• WHAT THE TASK REQUIRES: Exact reproduction of the following data is required.

------ DATA TO USE ------

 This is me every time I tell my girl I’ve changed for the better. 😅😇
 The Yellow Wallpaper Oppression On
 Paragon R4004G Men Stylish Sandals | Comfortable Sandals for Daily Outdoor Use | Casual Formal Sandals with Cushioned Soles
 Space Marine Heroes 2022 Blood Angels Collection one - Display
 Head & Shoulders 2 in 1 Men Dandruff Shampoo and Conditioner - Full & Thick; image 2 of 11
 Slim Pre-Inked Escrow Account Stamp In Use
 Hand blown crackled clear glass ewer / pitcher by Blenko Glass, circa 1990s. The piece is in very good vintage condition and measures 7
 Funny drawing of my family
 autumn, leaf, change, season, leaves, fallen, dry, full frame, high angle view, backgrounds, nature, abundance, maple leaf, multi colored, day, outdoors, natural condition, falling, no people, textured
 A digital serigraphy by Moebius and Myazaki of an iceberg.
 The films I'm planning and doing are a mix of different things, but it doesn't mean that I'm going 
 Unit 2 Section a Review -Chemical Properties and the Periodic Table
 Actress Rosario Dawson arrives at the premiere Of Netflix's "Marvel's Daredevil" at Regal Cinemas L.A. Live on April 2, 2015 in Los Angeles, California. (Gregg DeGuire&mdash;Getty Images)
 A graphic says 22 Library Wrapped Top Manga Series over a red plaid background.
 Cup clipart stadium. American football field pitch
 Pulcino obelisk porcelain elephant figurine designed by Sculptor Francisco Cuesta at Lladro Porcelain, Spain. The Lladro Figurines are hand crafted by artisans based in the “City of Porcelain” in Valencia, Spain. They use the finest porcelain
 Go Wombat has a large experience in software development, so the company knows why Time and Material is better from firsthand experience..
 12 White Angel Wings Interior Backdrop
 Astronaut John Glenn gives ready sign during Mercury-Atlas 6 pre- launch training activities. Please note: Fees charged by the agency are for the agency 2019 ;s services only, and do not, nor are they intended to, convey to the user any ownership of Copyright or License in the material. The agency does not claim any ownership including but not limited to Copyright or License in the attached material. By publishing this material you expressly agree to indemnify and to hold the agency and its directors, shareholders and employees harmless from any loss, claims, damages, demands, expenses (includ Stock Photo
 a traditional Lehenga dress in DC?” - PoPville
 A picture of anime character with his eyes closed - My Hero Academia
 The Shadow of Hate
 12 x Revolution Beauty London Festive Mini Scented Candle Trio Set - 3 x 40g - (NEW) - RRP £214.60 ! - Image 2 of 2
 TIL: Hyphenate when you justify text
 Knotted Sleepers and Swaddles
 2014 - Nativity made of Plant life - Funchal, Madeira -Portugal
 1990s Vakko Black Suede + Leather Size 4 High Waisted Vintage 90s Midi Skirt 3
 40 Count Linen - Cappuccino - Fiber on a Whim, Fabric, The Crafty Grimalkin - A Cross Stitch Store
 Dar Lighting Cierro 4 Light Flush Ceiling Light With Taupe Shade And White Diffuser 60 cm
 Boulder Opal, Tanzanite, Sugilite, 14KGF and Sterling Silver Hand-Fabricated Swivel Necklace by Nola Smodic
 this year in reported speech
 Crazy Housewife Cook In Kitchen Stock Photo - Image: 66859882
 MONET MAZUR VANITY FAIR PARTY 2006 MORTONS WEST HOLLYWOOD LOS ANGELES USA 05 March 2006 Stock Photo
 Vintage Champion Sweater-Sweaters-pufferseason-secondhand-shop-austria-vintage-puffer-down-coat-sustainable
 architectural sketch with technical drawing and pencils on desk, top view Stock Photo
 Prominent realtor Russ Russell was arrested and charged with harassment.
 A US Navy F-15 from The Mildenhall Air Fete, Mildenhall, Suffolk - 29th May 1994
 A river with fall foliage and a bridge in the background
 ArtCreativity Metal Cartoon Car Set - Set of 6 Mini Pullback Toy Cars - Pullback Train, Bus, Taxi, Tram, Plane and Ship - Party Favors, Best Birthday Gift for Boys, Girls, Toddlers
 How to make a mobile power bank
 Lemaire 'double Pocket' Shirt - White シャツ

------

• WRITTEN SOLUTION:
 This is me every time I tell my girl I’ve changed for the better. 😅😇
 The Yellow Wallpaper Oppression On
 Paragon R4004G Men Stylish Sandals | Comfortable Sandals for Daily Outdoor Use | Casual Formal Sandals with Cushioned Soles
 Space Marine Heroes 2022 Blood Angels Collection one - Display
 Head & Shoulders 2 in 1 Men Dandruff Shampoo and Conditioner - Full & Thick; image 2 of 11
 Slim Pre-Inked Escrow Account Stamp In Use
 Hand blown crackled clear glass ewer / pitcher by Blenko Glass, circa 1990s. The piece is in very good vintage condition and measures 7
 Funny drawing of my family
 autumn, leaf, change, season, leaves, fallen, dry, full frame, high angle view, backgrounds, nature, abundance, maple leaf, multi colored, day, outdoors, natural condition, falling, no people, textured
 A digital serigraphy by Moebius and Myazaki of an iceberg.
 The films I'm planning and doing are a mix of different things, but it doesn't mean that I'm going 
 Unit 2 Section a Review -Chemical Properties and the Periodic Table
 Actress Rosario Dawson arrives at the premiere Of Netflix's "Marvel's Daredevil" at Regal Cinemas L.A. Live on April 2, 2015 in Los Angeles, California. (Gregg DeGuire&mdash;Getty Images)
 A graphic says 22 Library Wrapped Top Manga Series over a red plaid background.
 Cup clipart stadium. American football field pitch
 Pulcino obelisk porcelain elephant figurine designed by Sculptor Francisco Cuesta at Lladro Porcelain, Spain. The Lladro Figurines are hand crafted by artisans based in the “City of Porcelain” in Valencia, Spain. They use the finest porcelain
 Go Wombat has a large experience in software development, so the company knows why Time and Material is better from firsthand experience..
 12 White Angel Wings Interior Backdrop
 Astronaut John Glenn gives ready sign during Mercury-Atlas 6 pre- launch training activities. Please note: Fees charged by the agency are for the agency 2019 ;s services only, and do not, nor are they intended to, convey to the user any ownership of Copyright or License in the material. The agency does not claim any ownership including but not limited to Copyright or License in the attached material. By publishing this material you expressly agree to indemnify and to hold the agency and its directors, shareholders and employees harmless from any loss, claims, damages, demands, expenses (includ Stock Photo
 a traditional Lehenga dress in DC?” - PoPville
 A picture of anime character with his eyes closed - My Hero Academia
 The Shadow of Hate
 12 x Revolution Beauty London Festive Mini Scented Candle Trio Set - 3 x 40g - (NEW) - RRP £214.60 ! - Image 2 of 2
 TIL: Hyphenate when you justify text
 Knotted Sleepers and Swaddles
 2014 - Nativity made of Plant life - Funchal, Madeira -Portugal
 1990s Vakko Black Suede + Leather Size 4 High Waisted Vintage 90s Midi Skirt 3
 40 Count Linen - Cappuccino - Fiber on a Whim, Fabric, The Crafty Grimalkin - A Cross Stitch Store
 Dar Lighting Cierro 4 Light Flush Ceiling Light With Taupe Shade And White Diffuser 60 cm
 Boulder Opal, Tanzanite, Sugilite, 14KGF and Sterling Silver Hand-Fabricated Swivel Necklace by Nola Smodic
 this year in reported speech
 Crazy Housewife Cook In Kitchen Stock Photo - Image: 66859882
 MONET MAZUR VANITY FAIR PARTY 2006 MORTONS WEST HOLLYWOOD LOS ANGELES USA 05 March 2006 Stock Photo
 Vintage Champion Sweater-Sweaters-pufferseason-secondhand-shop-austria-vintage-puffer-down-coat-sustainable
 architectural sketch with technical drawing and pencils on desk, top view Stock Photo
 Prominent realtor Russ Russell was arrested and charged with harassment.
 A US Navy F-15 from The Mildenhall Air Fete, Mildenhall, Suffolk - 29th May 1994
 A river with fall foliage and a bridge in the background
 ArtCreativity Metal Cartoon Car Set - Set of 6 Mini Pullback Toy Cars - Pullback Train, Bus, Taxi, Tram, Plane and Ship - Party Favors, Best Birthday Gift for Boys, Girls, Toddlers
 How to make a mobile power bank
 Lemaire 'double Pocket' Shirt - White シャツ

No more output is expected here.